The Federal Trade Commission’s recent settlement with VIZIO, Inc., may have created a new definition of “sensitive information” that includes viewing data, but the opinion of Acting Chairperson Maureen Ohlhausen may provide further insight on how the agency will act under the new administration.

On February 6, the FTC settled charges with VIZIO, one of the world’s largest manufacturers and sellers of internet-connected “smart” televisions. VIZIO agreed to pay $2.2 million based on allegations that it installed software on its TVs to collect viewing data on 11 million consumer TVs without consumers’ knowledge or consent. After capturing this second-by-second information about what was shown on these TVs, VIZIO allegedly appended demographic information to the viewing data, including sex, age, income, marital status, household size, education level, home ownership, and household value, and subsequently sold this information to third parties who used it to target advertising to consumers across devices.

The Order requires VIZIO to prominently disclose and obtain affirmative express consent for its data collection and sharing practices, and prohibits misrepresentations about the privacy, security, or confidentiality of consumer information they collect. It also requires VIZIO to delete data collected before March 1, 2016, and to implement a comprehensive data privacy program with biennial assessments.
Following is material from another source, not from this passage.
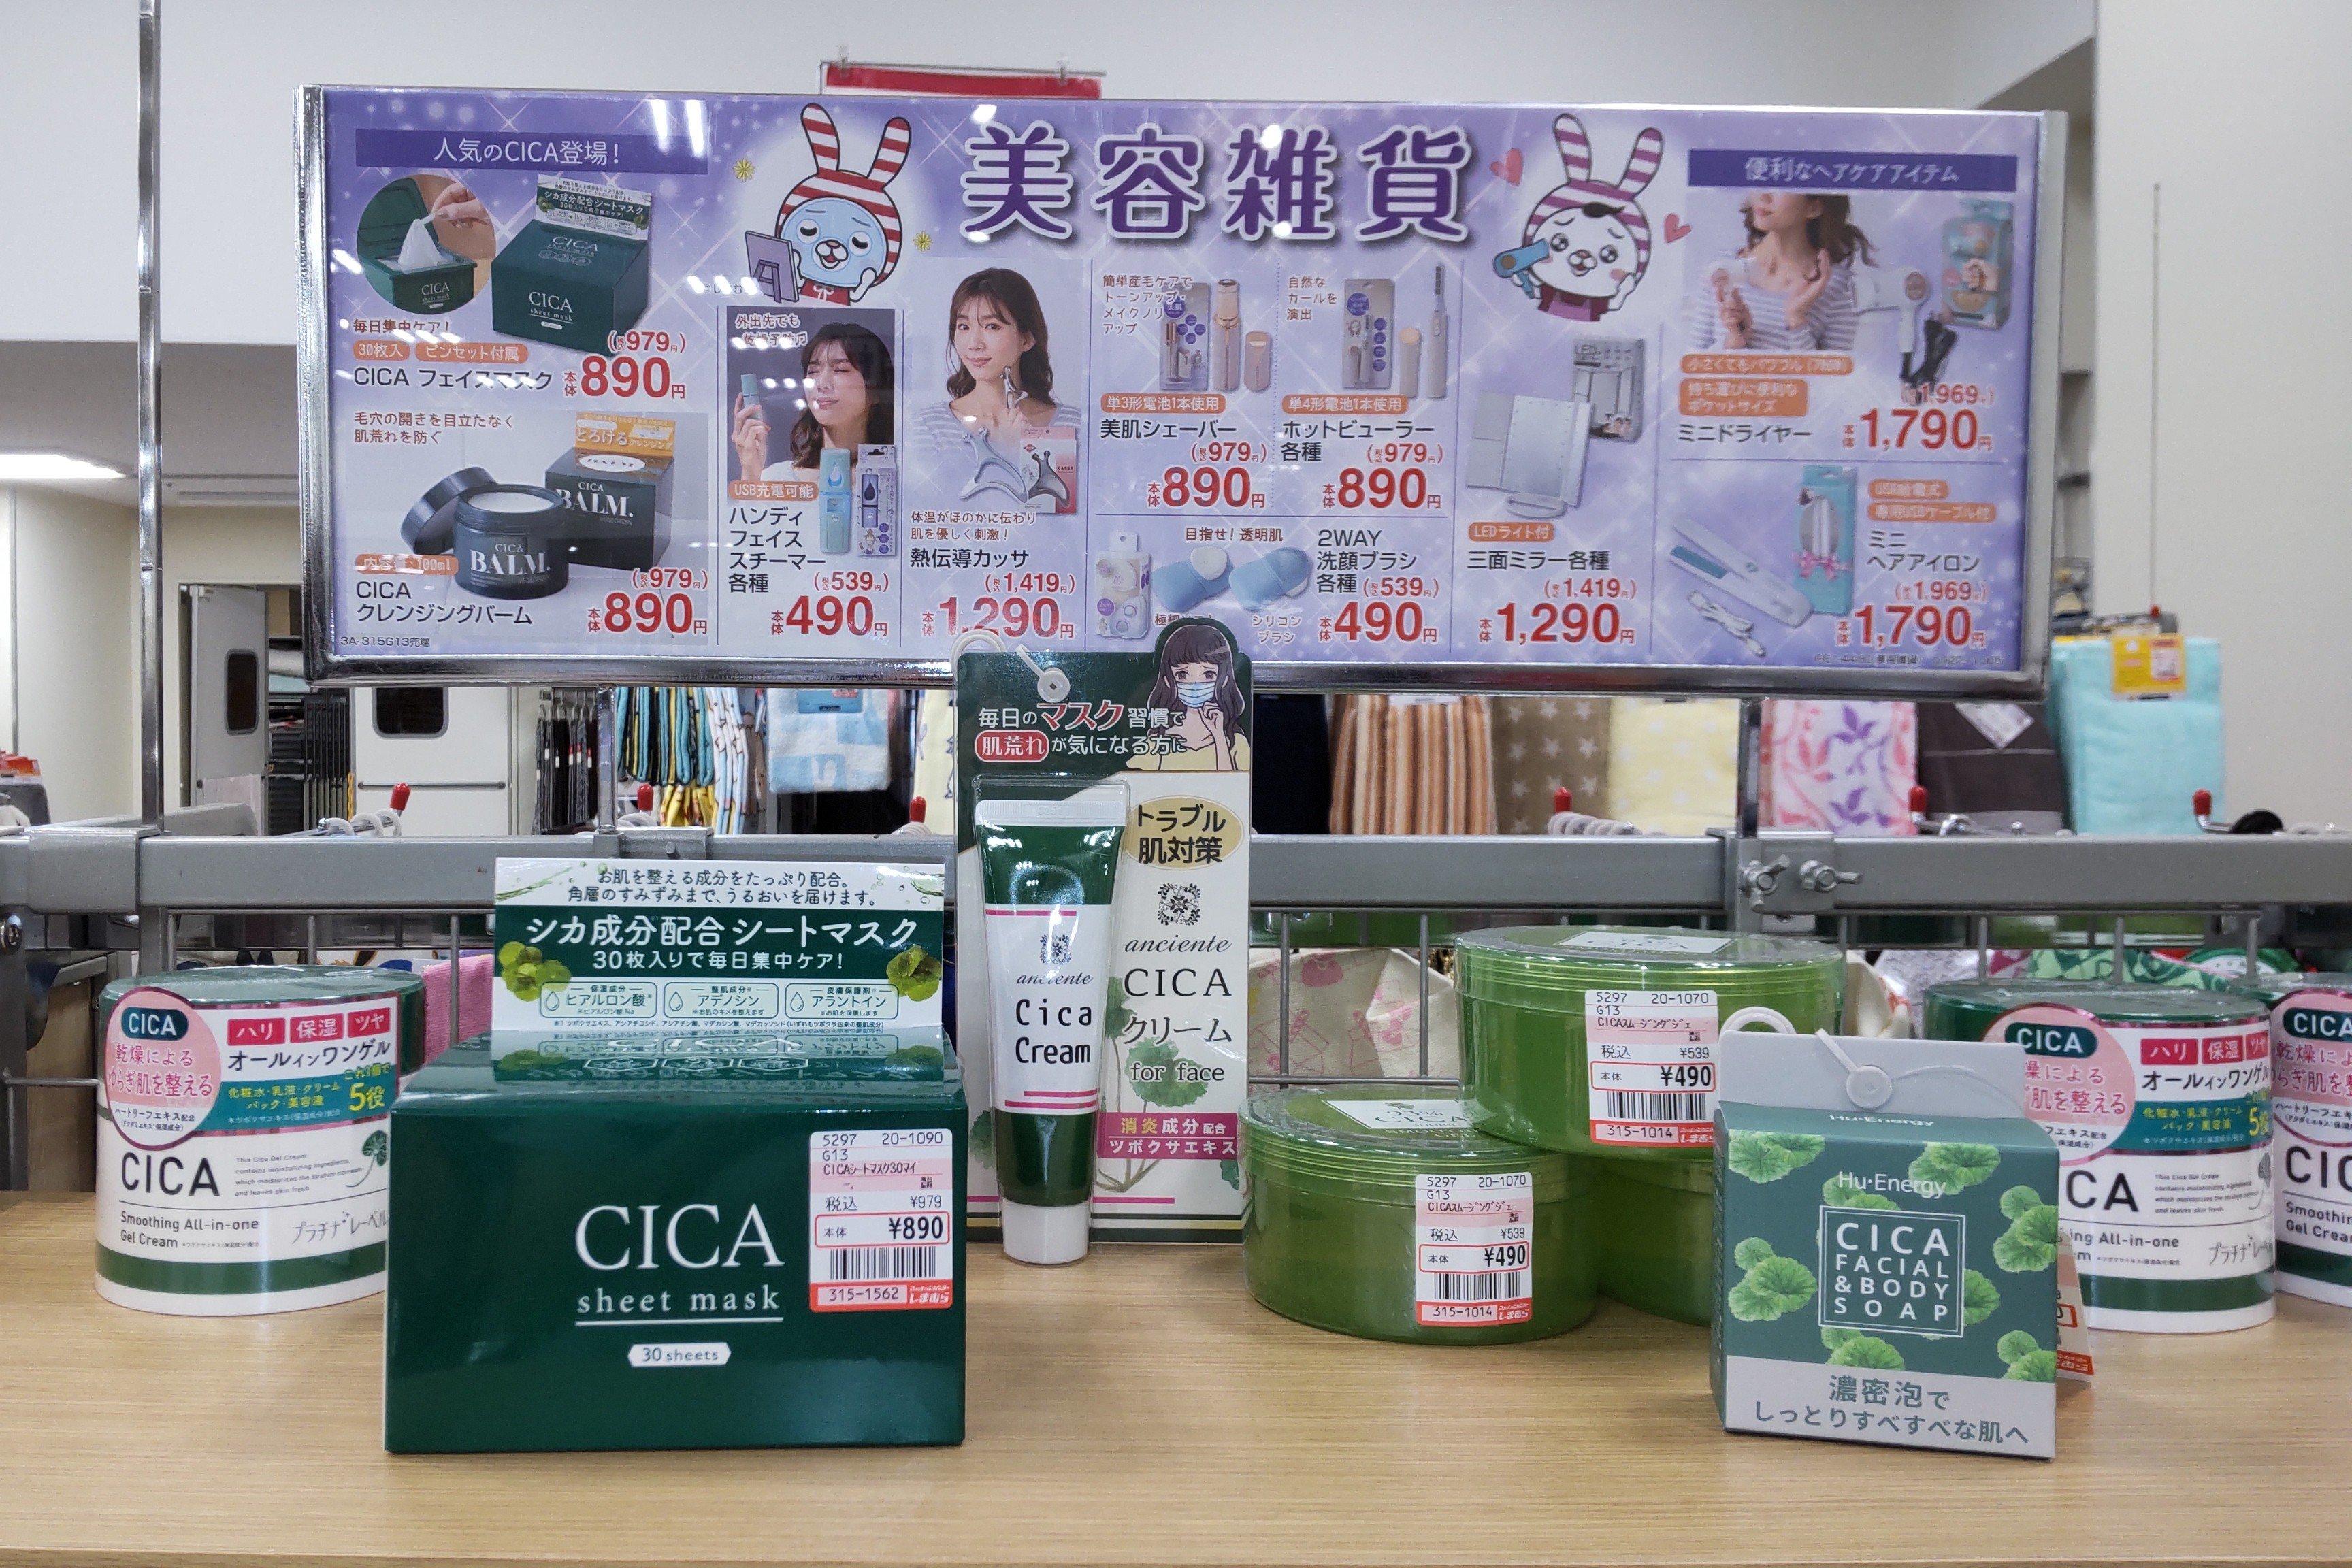 韓国で人気美容成分「CICA」シートマスク【しまむら】30枚入979円で手に入る

Significantly, the FTC’s complaint states that television viewing activity is “sensitive” and that VIZIO’s collection and sharing of that sensitive data without consumers’ consent has caused, or is likely to cause, substantial injury to consumers that is not outweighed by countervailing benefits to consumers or competition, and is not reasonably avoidable by consumers, making it an unfair act or practice in violation of Section 5(a) of the FTC Act.

In response to the agency’s characterization of television viewing activity as “sensitive,” which had not been stated explicitly in any prior FTC statements, Acting Chairperson Maureen Ohlhausen wrote a concurring statement highlighting the implications of this new policy.

“There may be good policy reasons to consider such information sensitive,” Ohlhausen wrote. “Indeed, Congress has protected the privacy of certain video viewing activity by passing specific laws, such as the Cable Privacy Act of 1984. But, under our statute, we cannot find a practice unfair based primarily on public policy. Instead, we must determine whether the practice causes substantial injury that is not reasonably avoidable by the consumer and is not outweighed by benefits to competition or consumers.”

As a result, Ohlhausen wrote, “This case demonstrates the need for the FTC to examine more rigorously what constitutes ‘substantial injury’ in the context of information about consumers. In the coming weeks I will launch an effort to examine this important issue further.”

The concurrence of Ohlhausen, currently the lone Republican commissioner, may signal the direction that the FTC will take under the Trump administration, especially given that there are several vacancies that will soon be filled by appointments. By promising a new effort to scrutinize the FTC’s interpretation of what constitutes “substantial injury” to consumers’ information, Ohlhausen has indicated that there may be a reexamination of privacy-based enforcement to ensure that it is focused on practices that have the capacity to cause substantial injury to consumers. There is likely to be a greater emphasis in the privacy and data security area on a cost-benefit approach that assesses risk to consumers, limits expansion of the definition of “personal information,” and confines enforcement to “sensitive information” compromises that cause “substantial injury” to consumers.

Ohlhausen’s concurrence would also appear to echo concerns about due process and predictability of enforcement, which were at issue in previous enforcements.
The Commission’s Order, as a whole, may herald increased attention to the deception of consumers by omission, such as by failing to adequately notify them of the collection of their sensitive data. As the Commission focuses more on substantial injury, deception claims may go hand in hand with unfairness claims, as well. The FTC has made privacy enforcement a high priority, and as consumers and their advocates press the agency for action, that is unlikely to change; however, under Ohlhausen and the new appointees, we may see a shift in enforcement that more heavily scrutinizes proposed expansions of liability.